Jennifer, you’ve written three adult (no, not porn, CHICK LIT) novels, and now you have a teen chicklit novel, PLAN B, due out by MTV Books. How hard was it for you to switch from adult to teen world?

Oh, if only I did write porn, my husband would be one thrilled guy. But, as far as switching from adult to the teen world, it was the only thing to do for my sanity. After writing three adult books in a row, I was ready to hang up the laptop and call it quits. Then I had an idea for a teen story, and it was like the clouds cleared and the sun shone through. Writing was fun again! I wrote a story that I would have wanted to read as a teen, a story about a girl who is smart and has her act together and her life meticulously planned out – not some whiney girl who doesn’t know what she wants. I didn’t wander the halls of local high schools, but I did talk to the little girls I used to babysit in college – who are now all of 19 and 17 years old. I love my main character, Vanessa. The book was an absolute joy to write, and reminded me why I sit at a laptop getting carpal tunnel every day.


I see you’re a participant in the 2005 NanoWrimo. What made you jump aboard this crazy ship of writing?
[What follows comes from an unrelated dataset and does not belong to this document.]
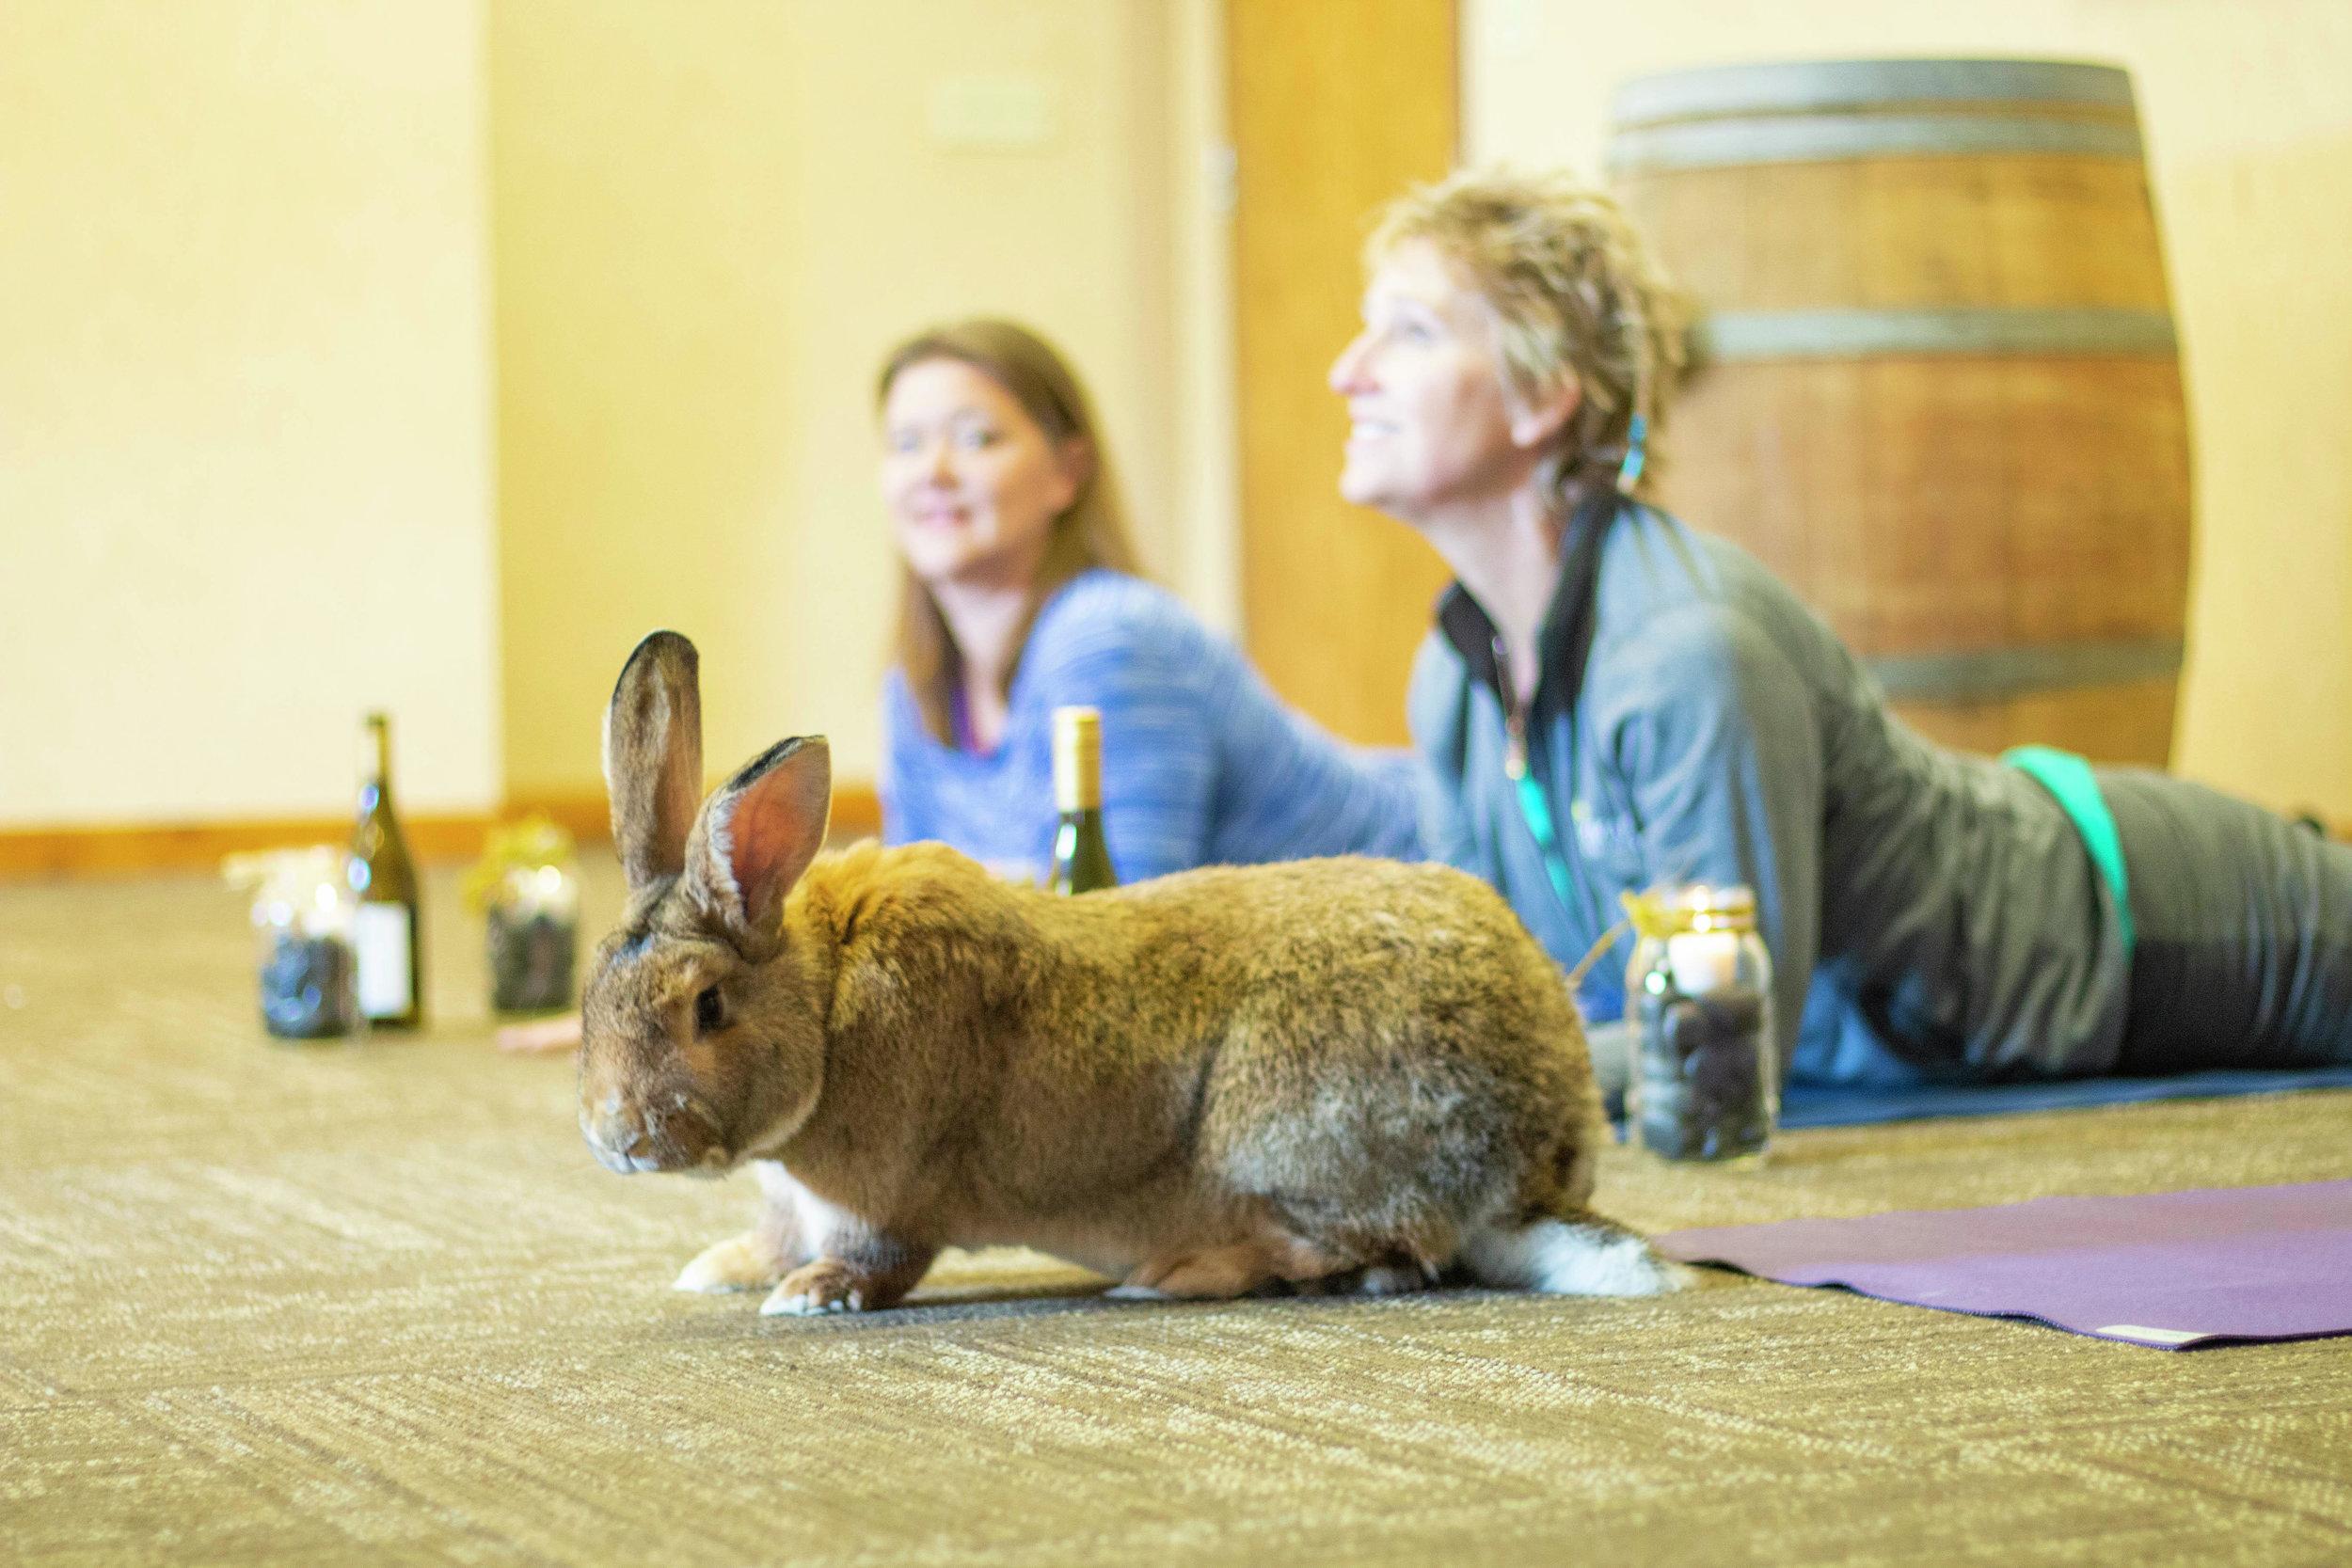 Lara Parkin of Karmady Yoga and Jill Mattson of Uplifted Wellness Studio enjoy a session of Hoppy Hour Yoga. Submitted photo

It’s called a looming deadline and 1k words written. I needed a kick in the ass, and some other writer friends of mine suggested I give it a try. Of course, instead of writing I’m answering your questions instead, so I’m not sure how well it’s working. What it did do was free me up from the internal editor – I could work on the first chapter of a book forever, and that’s not exactly conducive to finishing, now is it? Now I’m just writing, not worrying about every word or sentence. It’s nice, but kind of like making a mess in a room you know you’ll have to clean up later.


Can you tell us a bit about what you’re working on for NanoWrimo?

It doesn’t have a name yet, but it’s my second teen book. It’s about a group of girls who decide to write a handbook that teaches guys how to treat girls – pretty much points out all their flaws and how to correct them. Of course, it’s not that easy. They also set out to prove their handbook works by testing it out on a guinea pig without his knowledge. And there’s a huge twist along the way, because nothing ever works out as planned, does it?

Is there one book out there (not written by you) that you love so much you wish you had penned it?

I always read sentences in books and think, “Damn, I wish I’d thought of that.” Some books I wish I’d written: THE WOMEN’S ROOM by Marilyn French, a book that I read in high school my senior year and pretty much jaded me for the rest of my life. I even wrote my college essay on it. Just an amazing book that spans decades and is so rich and bleak at the same time. Not for the faint of heart looking for a happy ending. THE AWAKENING by Kate Chopin, see above, only set the story back a hundred years. CROSSING TO SAFETY by Wallace Stegner, this is where I admit that I don’t usually read books written by men – not because I’m insane, but because I figure there are enough people out there reading them. I read this seven years ago and was captivated, loved it. A story about two couples and their friendship over the course of their lives. It also takes place in New England, where I’m from, so it holds a special place in my heart. I also love Adele Parks’ PLAYING AWAY, a great story about infidelity that’s just fun (yes, infidelity can be fun in the hands of the right writers).


What are your inspirations for writing?

Deadlines and fear of failure. They keep me going and keep me up at night. Otherwise, I’m someone who just enjoys real life. I’m not into fantasy or science fiction or even mystery. I think that basic every day things and experiences are fascinating, so even the most mundane thing can inspire me.